– На Шан-Зелизе?!
– Подумаешь! Там это просто! А у ней одна шляпка три тысячи франков! Ну конечно, господин какой-то его палкой по роже... Скандалище жуткий!
Тут хлопнуло в углу, и желтое «Абрау» засветилось передо мною в узком бокале... Помнится, пили за здоровье Измаила Александровича.
И опять я слушал про Париж.
– Он, не смущаясь, говорит ему: «Сколько?» А тот... ж-жулик! (Измаил Александрович даже зажмурился.) «Восемь, говорит, тысяч!» А тот ему в ответ: «Получите!» И вынимает руку и тут же показывает ему шиш!
– В «Гранд-Опера»?!
– Подумаешь! Плевал он на «Гранд-Опера». Тут двое министров во втором ряду.
– Ну, а тот? Тот-то что? – хохоча, спрашивал кто-то.
– По матери, конечно!
– Батюшки!
– Ну, вывели обоих, там это просто...
Пир пошел шире. Уже плыл над столом, наслаивался дым. Уже под ногой я ощутил что-то мягкое и скользкое и, наклонившись, увидел, что это кусок лососины, и как он попал под ноги – неизвестно. Хохот заглушал слова Измаила Александровича, и поразительные дальнейшие парижские рассказы мне остались неизвестными.
Я не успел как следует задуматься над странностями заграничной жизни, как звонок возвестил прибытие Егора Агапенова. Тут уж было сумбурновато. Из соседней комнаты слышалось пианино, тихо кто-то наигрывал фокстрот, и я видел, как топтался мой молодой человек, держа, прижав к себе, даму.

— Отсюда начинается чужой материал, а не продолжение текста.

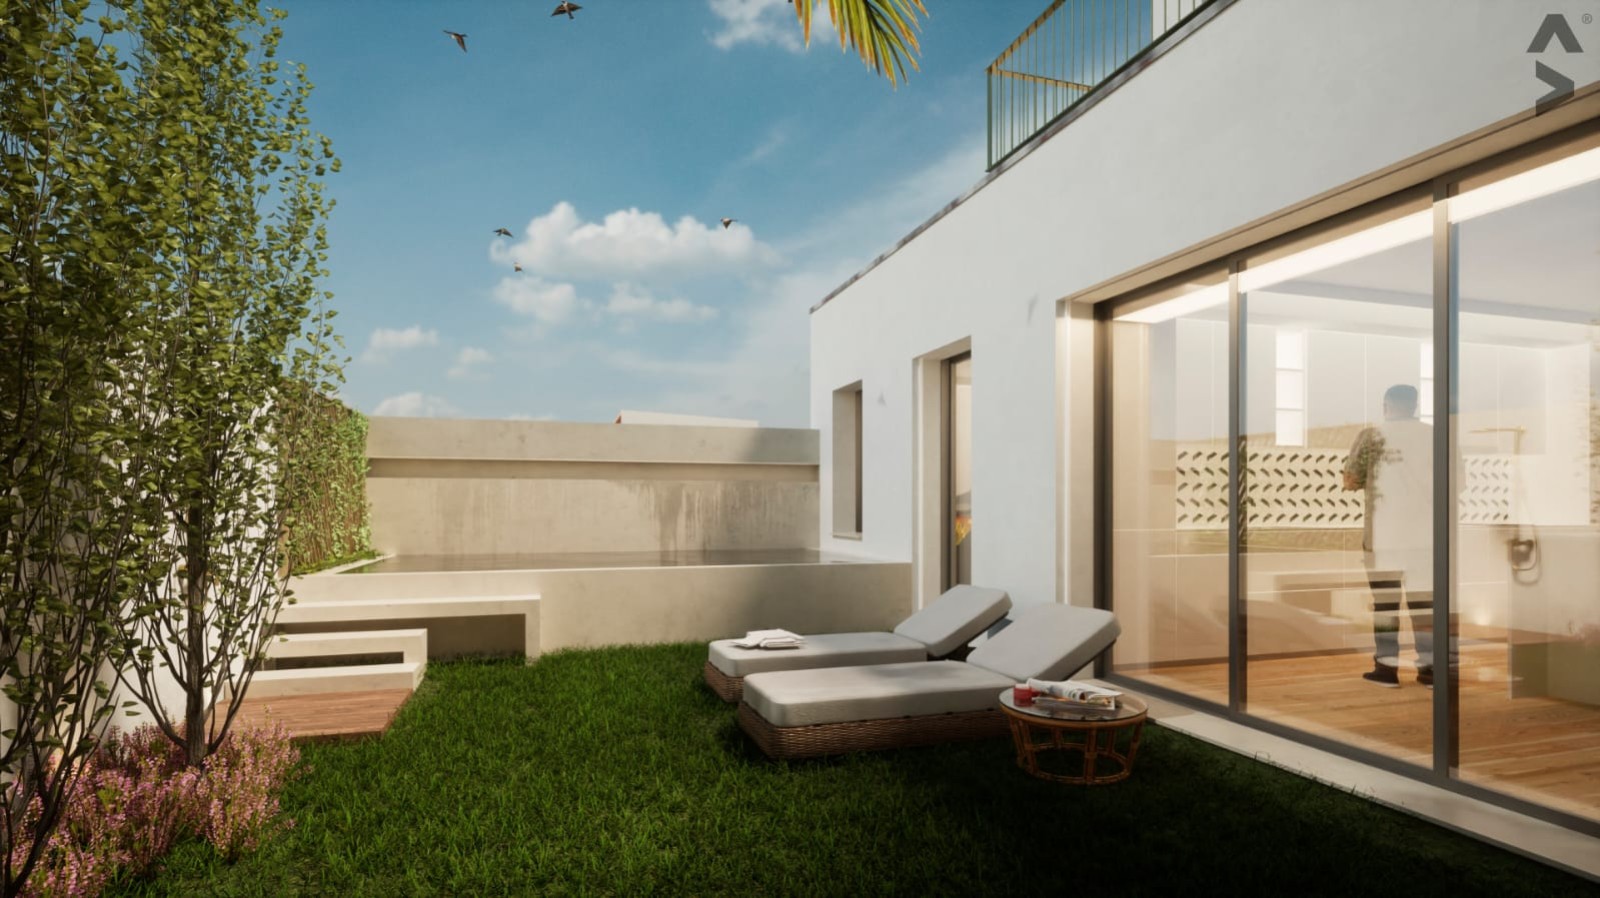 Villa mit 3 Schlafzimmern und Balkonen in Strandnähe, zu verkaufen, Gaia, Portugal_243513
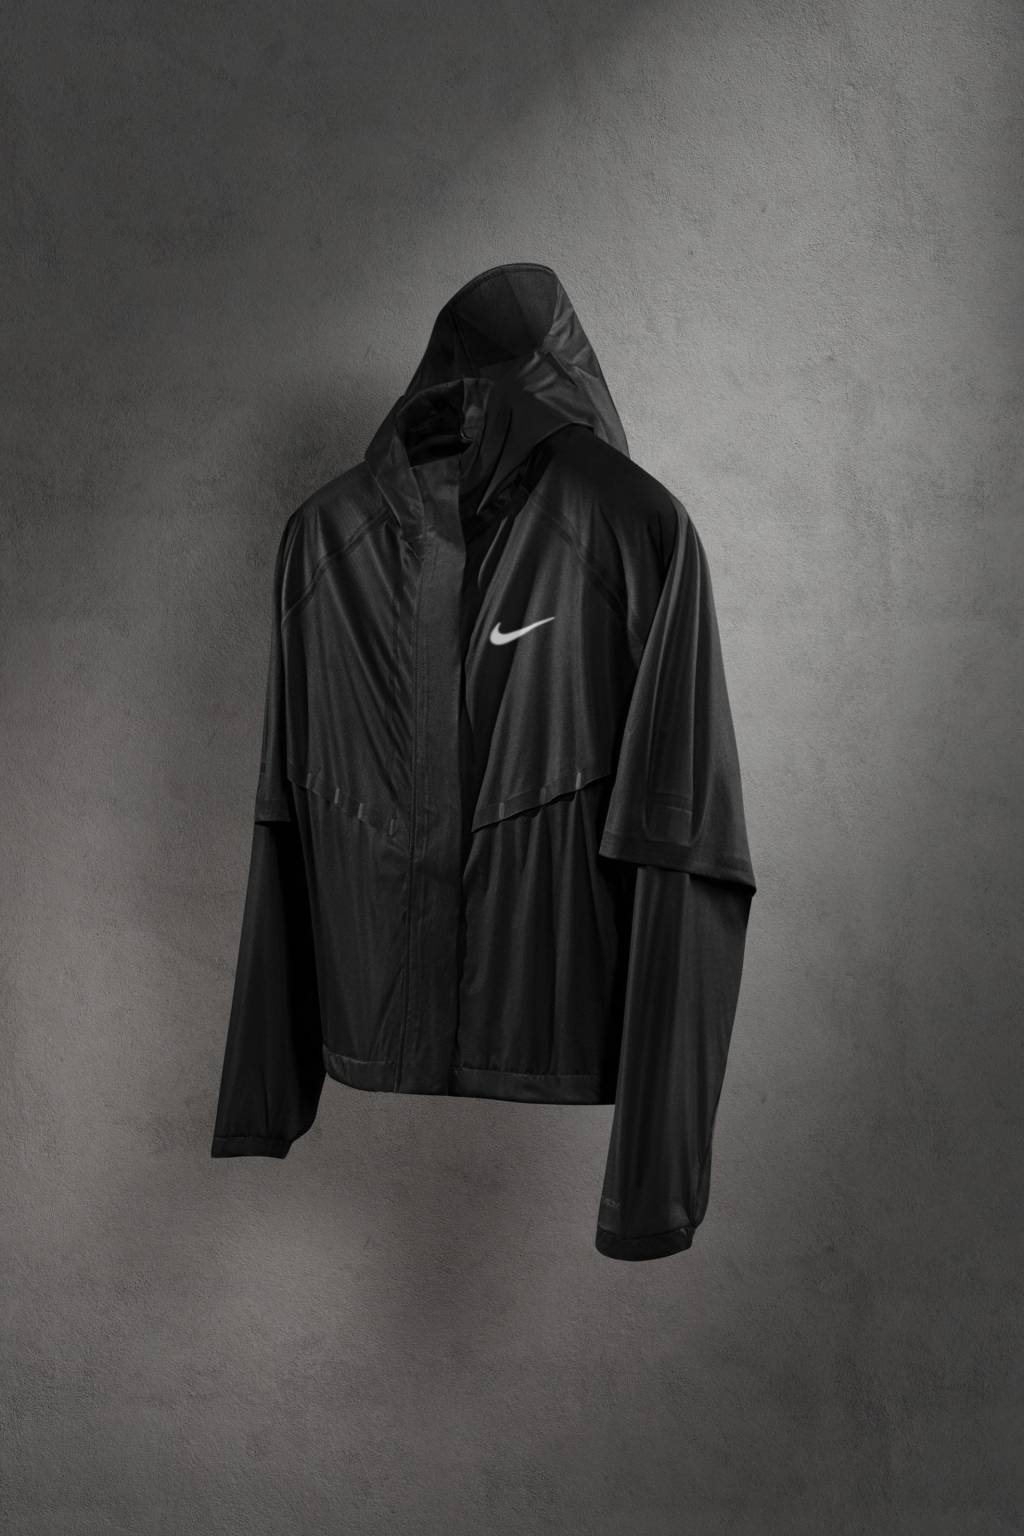 Nike lança jaqueta esportiva mais tecnológica do mundo; tecido muda de forma para refrescar o atleta

Егор Агапенов вошел бодро, вошел размашисто, и следом за ним вошел китаец, маленький, сухой, желтоватый, в очках с черным ободком. За китайцем дама в желтом платье и крепкий бородатый мужчина по имени Василий Петрович.
– Измашь тут? – воскликнул Егор и устремился к Измаилу Александровичу.
Тот затрясся от радостного смеха, воскликнул:
– Га! Егор! – и погрузил свою бороду в плечо Агапенова.
Китаец ласково улыбнулся всем, но никакого звука не произносил, как и в дальнейшем не произнес.
– Познакомьтесь с моим другом китайцем! – кричал Егор, отцеловавшись с Измаилом Александровичем.
Но дальше стало шумно, путано. Помнится, танцевали в комнате на ковре, отчего было неудобно. Кофе в чашке стоял на письменном столе. Василий Петрович пил коньяк. Видел я спящего Баклажанова в кресле. Накурено было крепко. И как-то почувствовалось, что пора, собственно, и отправиться домой.
И совершенно неожиданно у меня произошел разговор с Агапеновым. Я заметил, что, как только дело пошло к трем часам ночи, он стал проявлять признаки какого-то беспокойства. И кое с кем начинал о чем-то заговаривать, причем, сколько я понимаю, в тумане и дыму получал твердые отказы. Я, погрузившись в кресло у письменного стола, пил кофе, не понимая, почему мне щемило душу и почему Париж вдруг представился каким-то скучным, так что даже и побывать в нем вдруг перестало хотеться.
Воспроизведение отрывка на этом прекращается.